As an illustration of the regard in which the opinions of Chancellor Hanson were held I may refer to the case of Damarest vs. Wynkoop. * * * The opinion in this case was delivered by Chancellor Kent, and the question was one similar to Lamar vs. Clarke, 3 H. & McH., 338, a question of limitations. The decree of Chancellor Hanson was reversed by the Court of Appeals in the latter case. Chancellor Kent, in the case first mentioned, adopted the view of Hanson instead of that of the Court of Appeals, and in doing so used this language:

"* * * This is clear judicial sanction to the doctrine of Lord Talbot, and, therefore, as well upon authority as upon the reason and policy of the rule I conclude that the Court of Appeals of Maryland was in this instance mistaken; and with respect to the learned Chancellor's opinion, notwithstanding the reversal, I trust I may without offense be permitted to say 'Scaevolve assentior.' " This case and Chancellor Hanson's opinion were afterwards adopted by the Court of Appeals in Hertie vs. Schwartze, 3 Md., 383, where its former decision was overruled."

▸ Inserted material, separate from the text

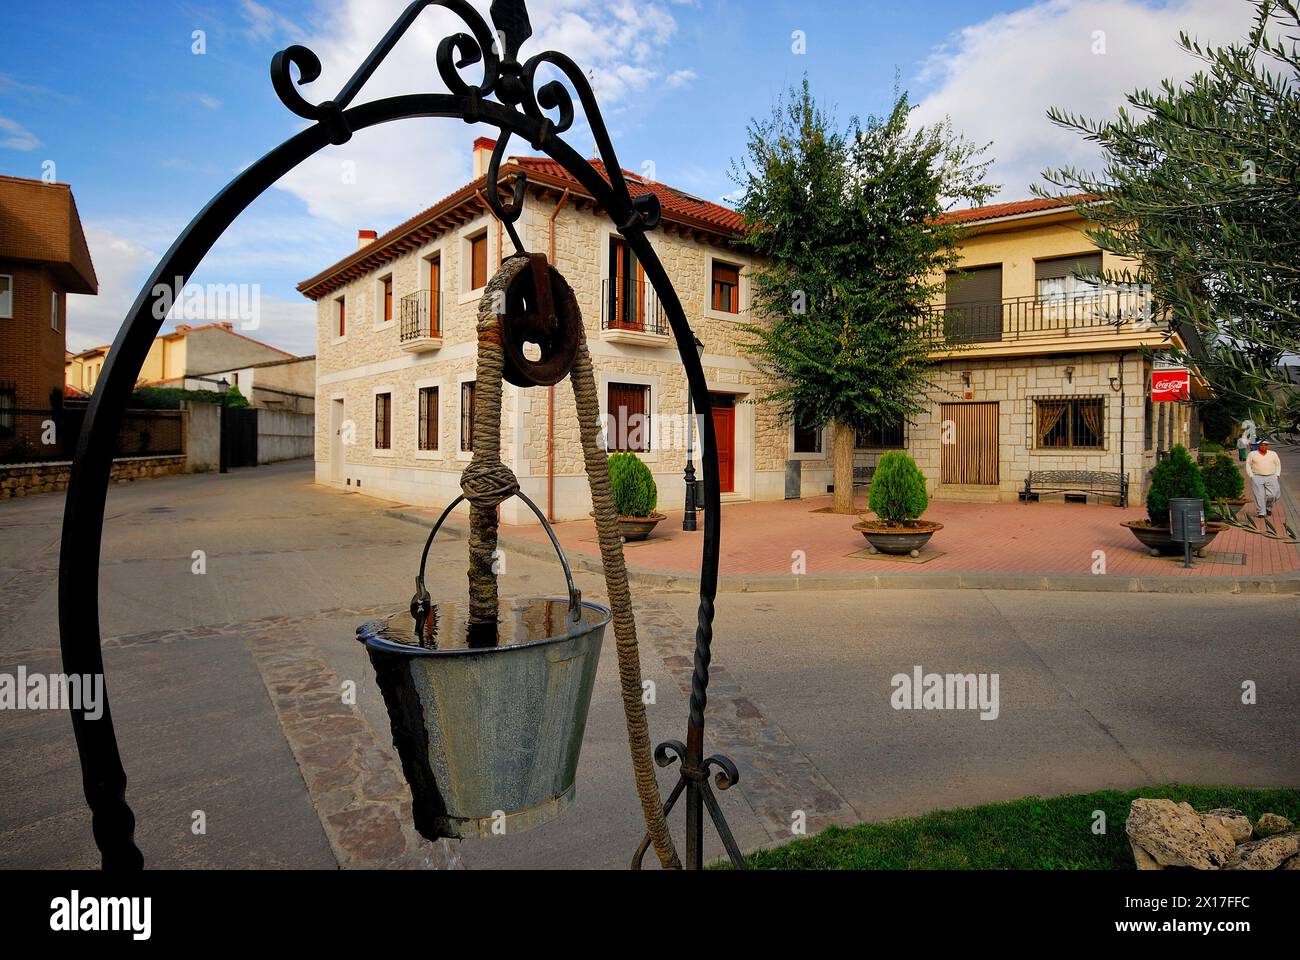 Rustic town of Torremocha del Jarama, Madrid, Spain Stock Photo

===Chancellor of Maryland===
On October 3, 1789, Hanson was appointed to succeed John Rogers, deceased, Chancellor of the State of Maryland. This appointment was made after the place had been offered to Robert Hanson Harrison, who was at that time Judge of the General Court, but had been offered a seat on the Supreme Court of the United States. Harrison was strongly urged by Alexander Hamilton to accept the appointment, and finally declined the Chancellorship for this reason, but died on his way to take his seat. Hanson was about this time himself offered a United States district court judgeship, but declined.

While serving as Chancellor, Hanson was a member of the Convention called to consider the proposed Constitution of the United States. He was a strong advocate of its adoption. In 1789, he was appointed to digest the Testamentary Laws of the State. He was a Presidential Elector in both of the elections of General Washington to the Presidency. He was a visitor of St. John's College and a great friend of that institution. In 1803, he was appointed to a committee to defend it against its adversaries.

==Personal life==
Chancellor Hanson was married to Rebecca Howard (1759–1806) of Annapolis. Together, they were the parents of three children:

- Charles Wallace Hanson (1783–1853), a judge who married Rebecca Dorsey Ridgely (1786–1837) of Hampton, the eldest daughter of Charles Ridgely, governor of Maryland from 1815 to 1818.
- Alexander Contee Hanson (1786–1819), who became a U.S. Senator and who married Priscilla Dorsey (1789–1849), daughter of Edward Dorsey and inheritor of the Belmont Estate.
- Mary Jane Hanson (1791–1815), who married Thomas Peabody Grosvenor (1778–1817), a U.S. Representative from New York.

Hanson seems to have been a religious man and of the kindest disposition. He was charitable, and many acts of kindness are related by his grandson. He took several young men under his care and treated them with a fatherly kindness. He died by a stroke of apoplexy January 16, 1806.

===Honors===
Chancellor Hanson received the degree of LL.D. from one of the Universities, but the identity of the institution is not known.